Но… надо же как-то налаживать контакт? Тем более Зария так сильно мышилась, что слабые зачатки эмансипации, воспитанные в Ваське реальностью двадцать первого века, не позволяли равнодушно наблюдать за подобной смиренностью.

Поэтому сейчас стряпуха тащила растерянную подчиненную в сторону, непонятную даже ей самой.

– Куда мы бежим? – Чернушка споткнулась и едва не упала.

Ой. Василиса совсем забыла, что она хромоножка и не может мчаться со скоростью орловского рысака.

– Как куда? На рынок, конечно!

– Но он же в другой стороне!

Прокляв в душе не только свой топографический кретинизм, а в принципе кретинизм, Васька круто развернулась и понеслась дальше, продолжая тянуть за собой упирающуюся Зарию.

– Да что ж ты еле тащишься? – кипятилась нетерпеливая кухарка. – Нам же зарплату дали!

– Нам? – Помощница захлопала глазами.

А Василиса, всю жизнь жившая по принципу – все, что делается вместе, оплачивается тоже вместе, просто не могла понять ее удивления.

– Ну да. Ты идешь уже?! Мне одежда нужна, я здесь ничего не знаю. А ты, по крайней мере, тут живешь и в курсе всего, ну?

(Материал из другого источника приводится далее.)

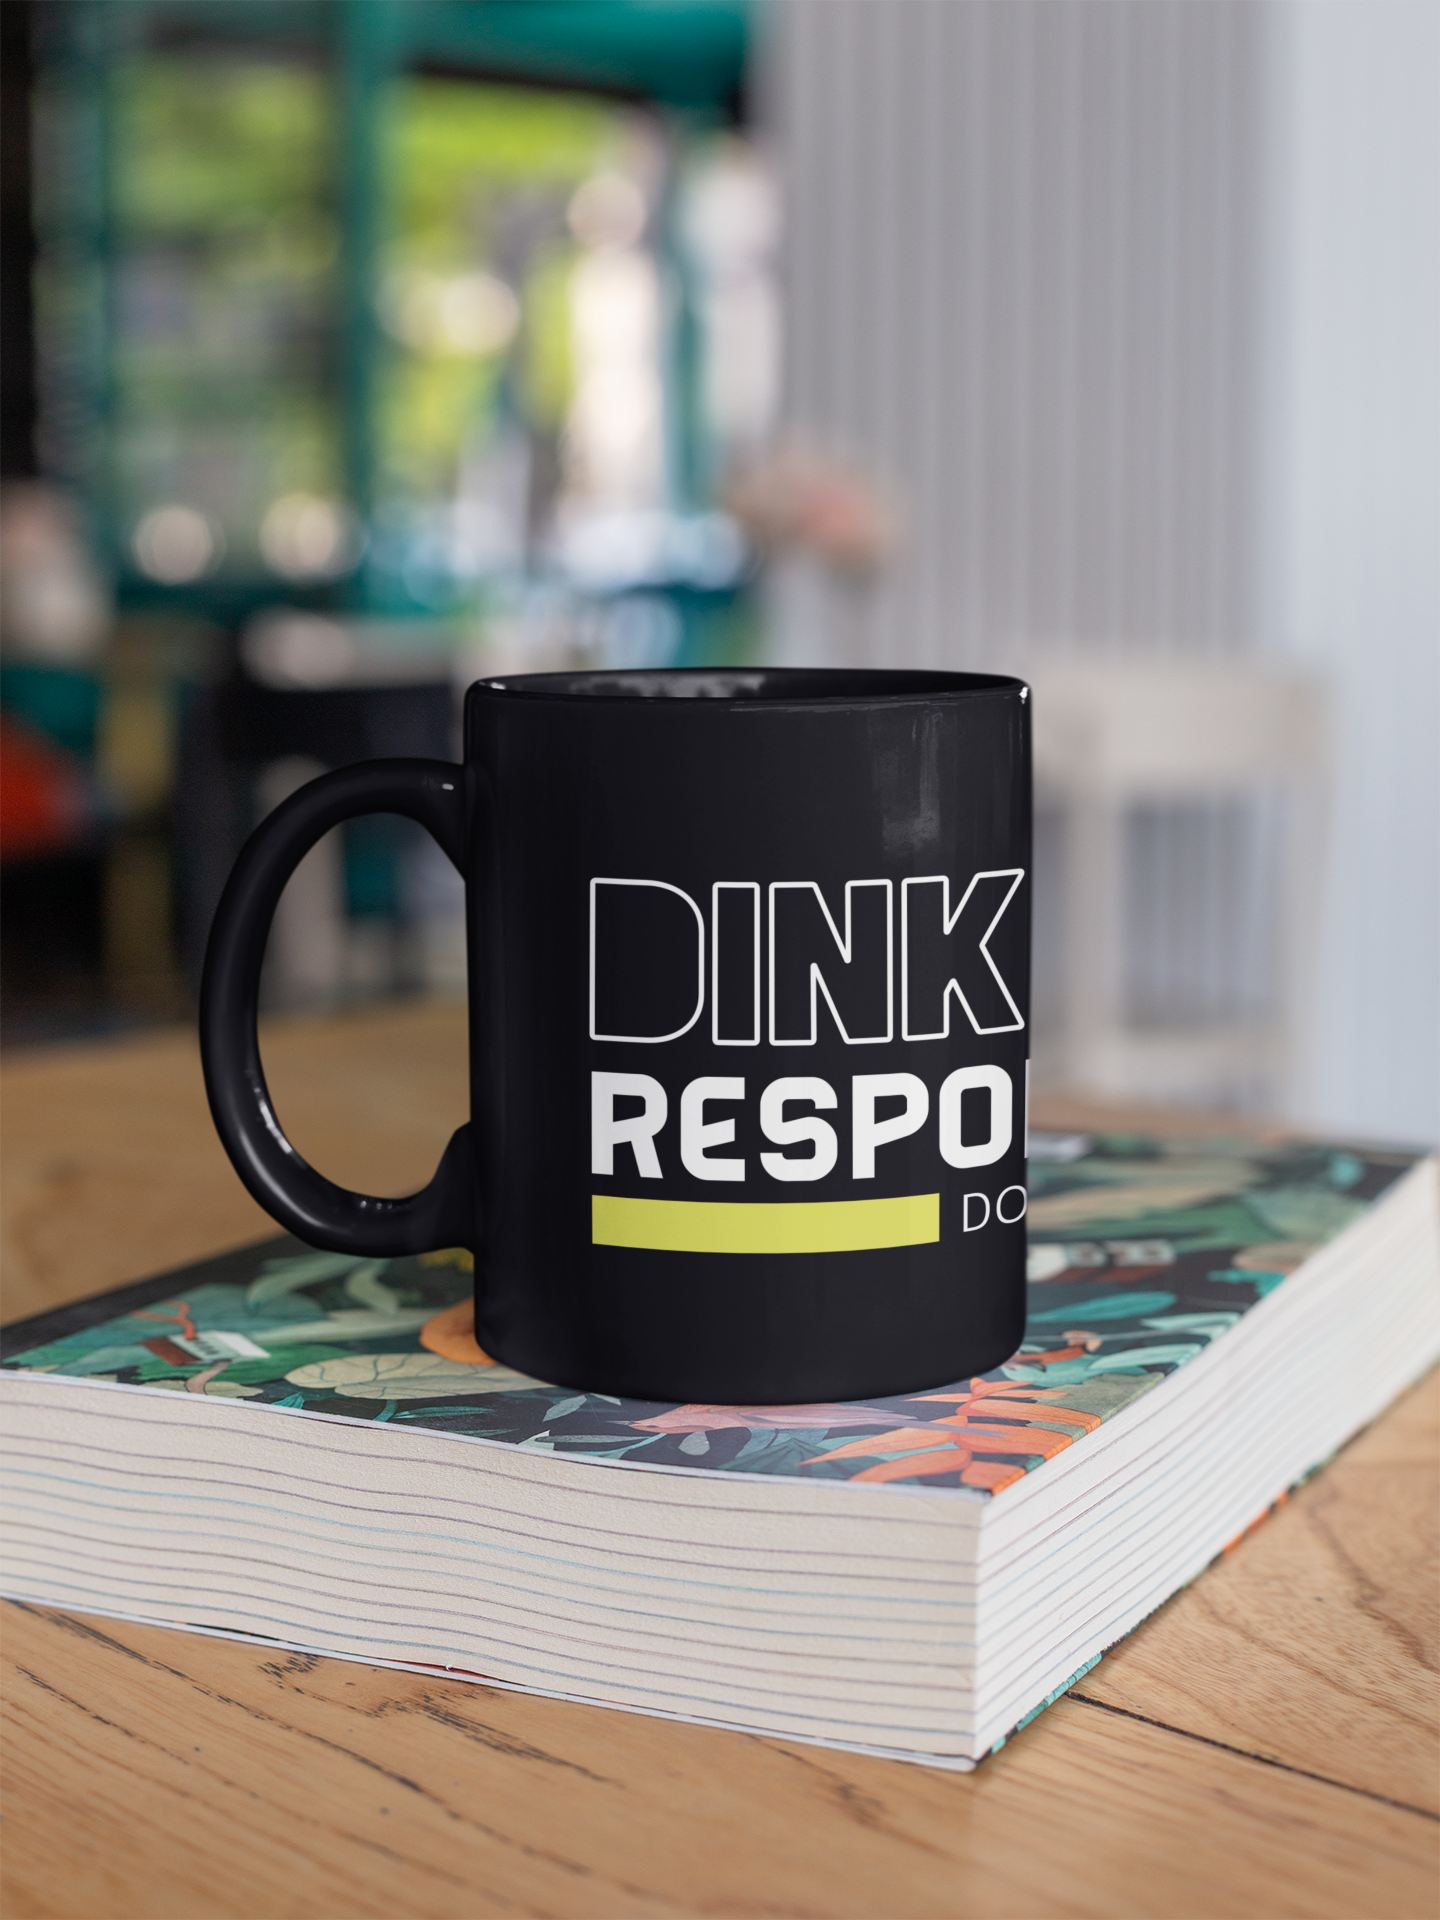 Dink Responsibly.. Don't Get Smashed

Спутница покорно повиновалась, захромала увереннее и даже взяла инициативу в свои руки. Если, конечно, можно было назвать ее неловкие комментарии инициативой: «Сейчас направо», – говорила она едва слышно. И Василиса незамедлительно сворачивала в противоположную сторону. «Да нет же, направо», – разворачивала ее помощница.

Васька говорила: «А-а. Ну я так и думала». И выравнивала, наконец, вектор движения строго по азимуту, но, увы, только до следующей развилки. Там осторожные руки снова робко трогали ее за плечи, и девушка в очередной раз поворачивала куда следует, а не куда звала душа.

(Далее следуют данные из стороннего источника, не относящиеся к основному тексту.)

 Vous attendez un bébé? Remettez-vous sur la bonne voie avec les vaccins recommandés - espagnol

И каждый раз, когда Зария к ней прикасалась, Василиса чувствовала необычное напряжение, исходящее от легких пальцев чернушки – то ли тепло, то ли жар… Скорее это было похоже на слабый электрический разряд, только приносил он не боль, а прилив каких-то будоражащих сил. А может, просто казалось.

По пути к торгу Василиса, кстати, убедилась, что трактир Багоя стоял не просто на отшибе, а вообще… черт знает где. Видимо, в самом сером, невзрачном и облезлом квартале. Дома здесь были небогатые и неказистые, бесстыдно жались друг к дружке стенами, заборами и кровлями, нескромно выпячивались навесами и столбами крылец. Меж ними петляла ныне подсохшая грунтовая дорога, которая в распутицу, наверное, раскисала до состояния манной каши. Из-за этого стены всех жилищ чуть не на метр были покрыты брызгами засохшей грязи. Словом, пейзаж, достойный в своей унылости пера Достоевского, если бы не весело зеленеющие деревья.

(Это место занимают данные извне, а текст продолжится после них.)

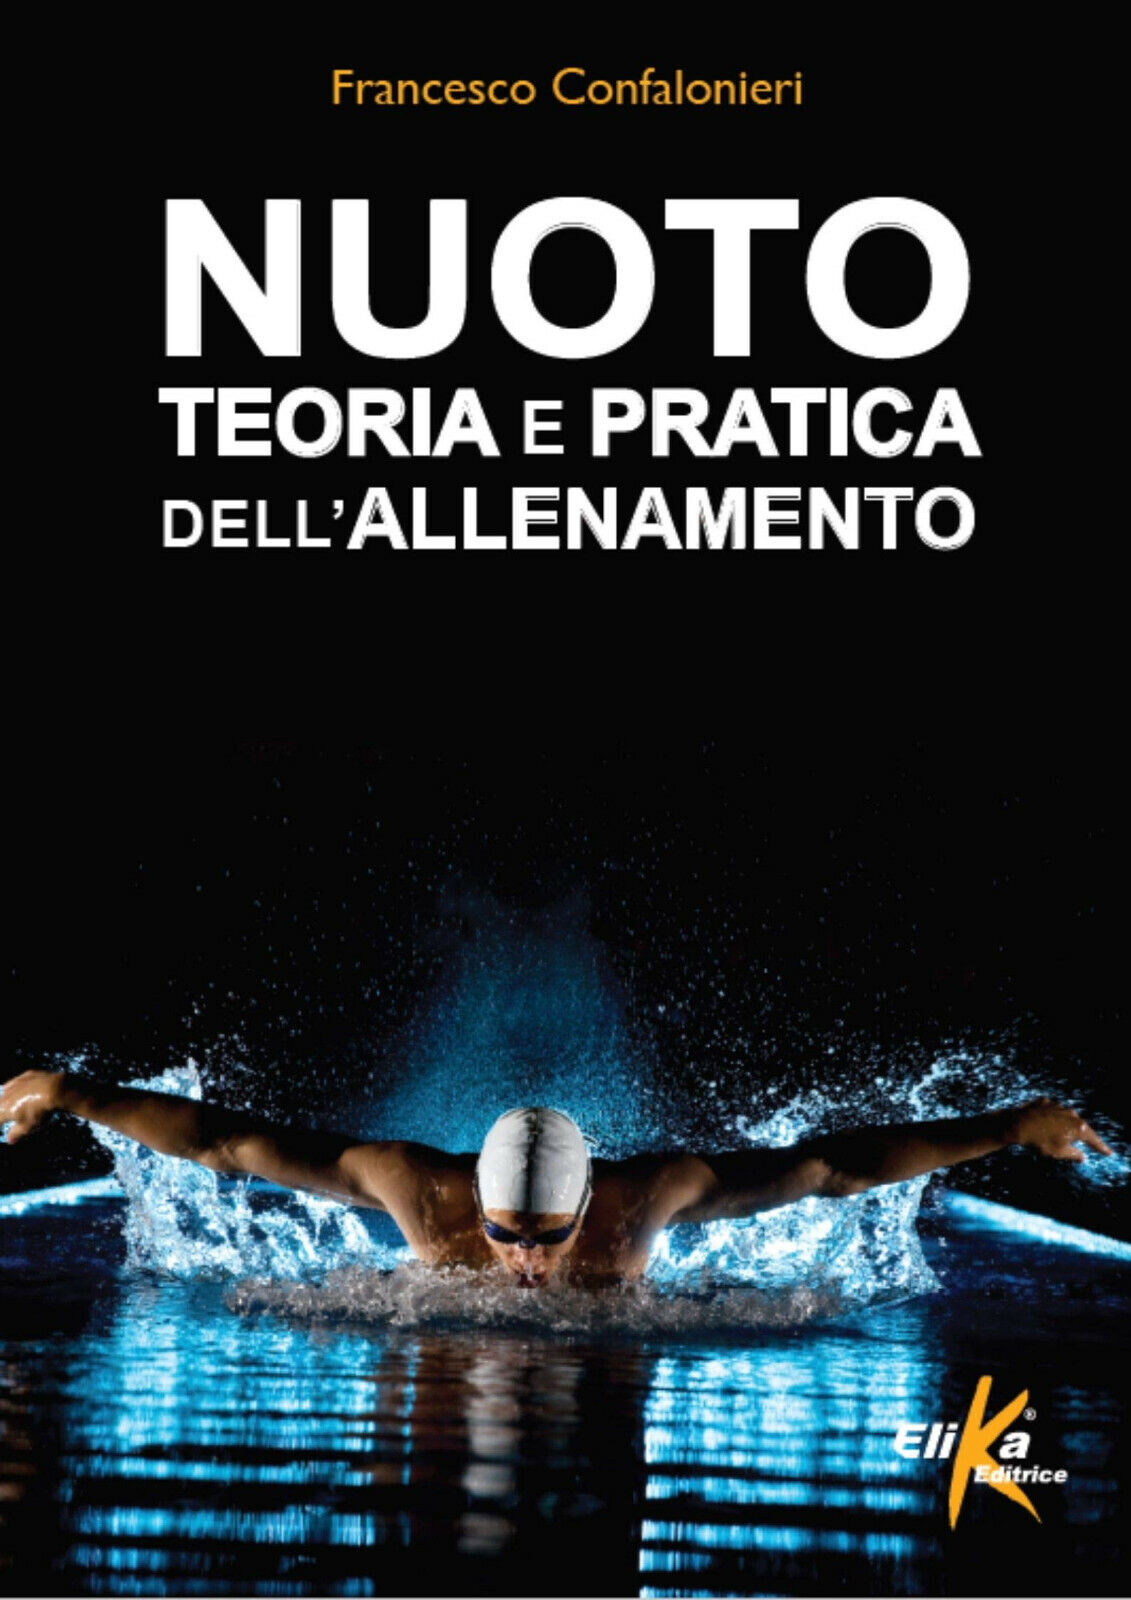 Nuoto. Teoria e pratica dell'allenamento - Francesco Confalonieri - Elika, 2015 libro usato

Девушка шла, с наслаждением вдыхая прогретый солнцем весенний воздух. Зария ковыляла рядом, упрямо глядя под ноги и по обычаю занавесившись от солнца, ясного денька, своей спутницы и встречных прохожих челкой.

«А дома сейчас разгар лета…» – думала Василиса.

В общежитии небось раскалилась крыша, и в комнатах теперь духота да жарища. Тетя Нюра – бессменный комендант – наверняка привычно ругается с жилконторой по поводу текущих кранов, а Галька из соседней комнаты нет-нет да включает микроволновку, из-за которой на всем этаже вышибает свет. Ох, как же хочется домой! Хоть бы одним глазком взглянуть на Юрку (он, наверное, до сих пор ищет несчастную пропажу), на вечно поддатого повара Леню, на Гальку с ее ненавистной микроволновкой, даже на мать. Последняя, правда, совсем спилась. Но все-таки по ней скучалось тоже. Родня ведь… Какая ни есть.

Печальные мысли отлетели при выходе на главную улицу. Здесь изменилось все – стыдливо отпрянули подальше грязные закоулки, мостовая раскинулась от края до края, красивые каменные здания потянулись в апрельское небо, красная черепица весело топорщилась на покатых крышах. Хм… похоже, Василиса и впрямь жила и работала в трущобах.

А тут по мостовой цокали красивые лошади, проезжали богатые экипажи, горожане выглядели наряднее и богаче. На фоне некоторых Василиса в своем облезлом и полушубке (надетом к тому же совершенно не по сезону) и блеклой юбке казалась военной беженкой.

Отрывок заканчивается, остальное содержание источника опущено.